During a penetration test Trustwave SpiderLab’s Senior Technical Specialist, Jordan Hedges, discovered an improper input validation for the “path” parameter accepted by the “/backup-restore-service/config/backup-path” endpoint which handles requests from the UI to set the database backup location. While certain characters, such as backslashes, are rejected by the client-side form, Jordan was able to bypass that restriction. He submitted a backup path that would pass the UI validation and then intercepted the client request post-validation to alter the path parameter value to a UNC path under his control.
This vulnerability allows attackers to coerce authentication attempts to their own resources, such as a malicious SMB share, to capture or relay Active Directory hashed credentials if the “Restrict NTLM: Outgoing NTLM traffic to remote servers” security policy is not enabled. Versions 1.4.0327 and 3.0.1625 of Kyocera Device Manager were evaluated.

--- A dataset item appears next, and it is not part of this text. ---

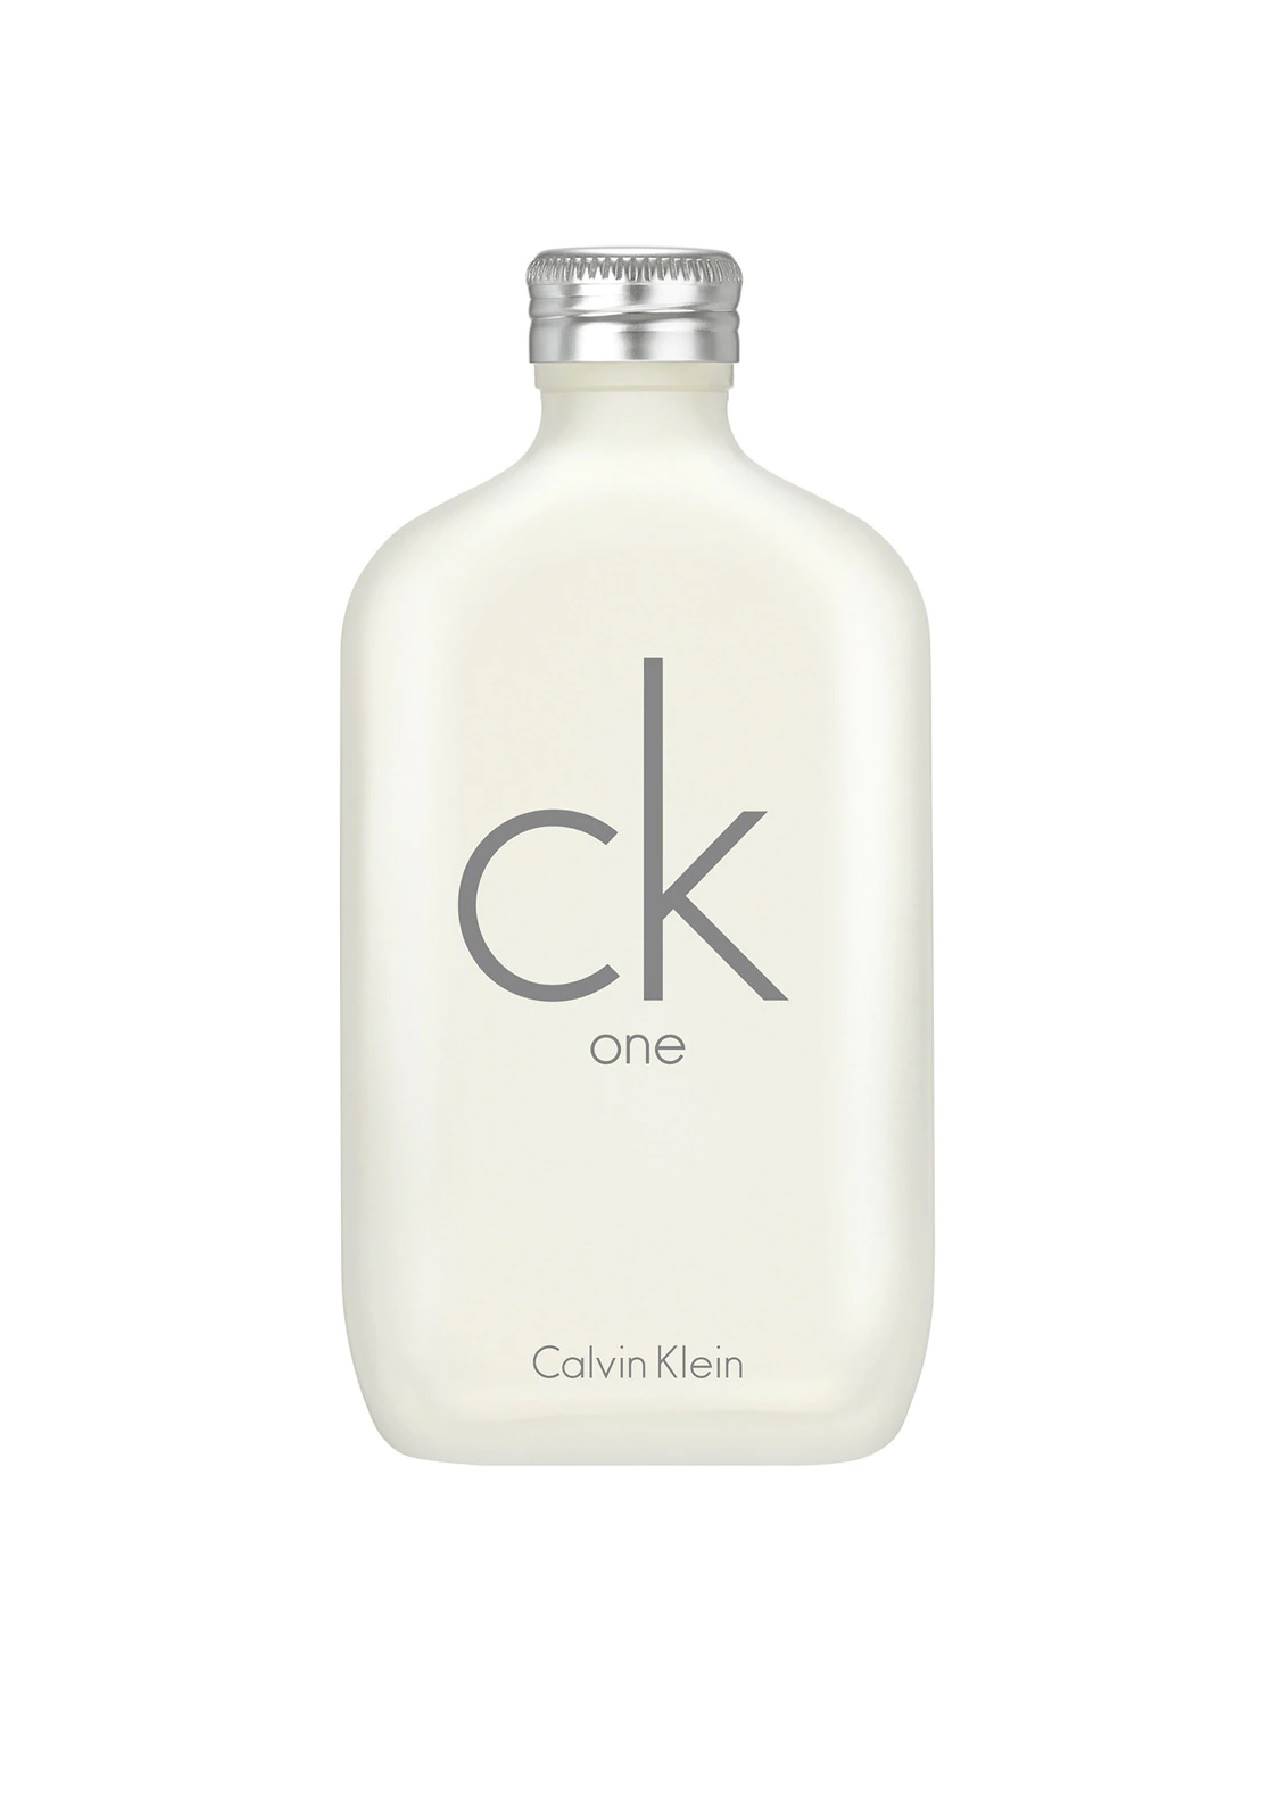 perfumes más vendidos One de Calvin Klein El Corte Inglés, 29,95€

The Kyocera Device Manager administrative application allows administrators to configure the backup location of the database used by the application. Attempting to change this location to a UNC path using the GUI is rejected by the application due to the use of backslashes ("\") as a disallowed path. Intercepting and modifying this request using a web interception proxy or sending the request directly to the application endpoint will allow UNC paths to be set for the backup location. Once the location is updated Kyocera Device Manager attempts to confirm access and will try to authenticate to the UNC path, depending on configuration of the environment this may authenticate to the UNC share specified with Windows NTLM hashes. This could allow NTLM credential relaying or cracking attacks.
As part of Trustwave SpiderLab’s Coordinated Disclosure Policy, we reported this vulnerability to Kyocera, who fixed it in version 3.1.1213.0. To secure your products and users, please update to the latest release. We value vendors like Kyocera for their transparency and commitment to security.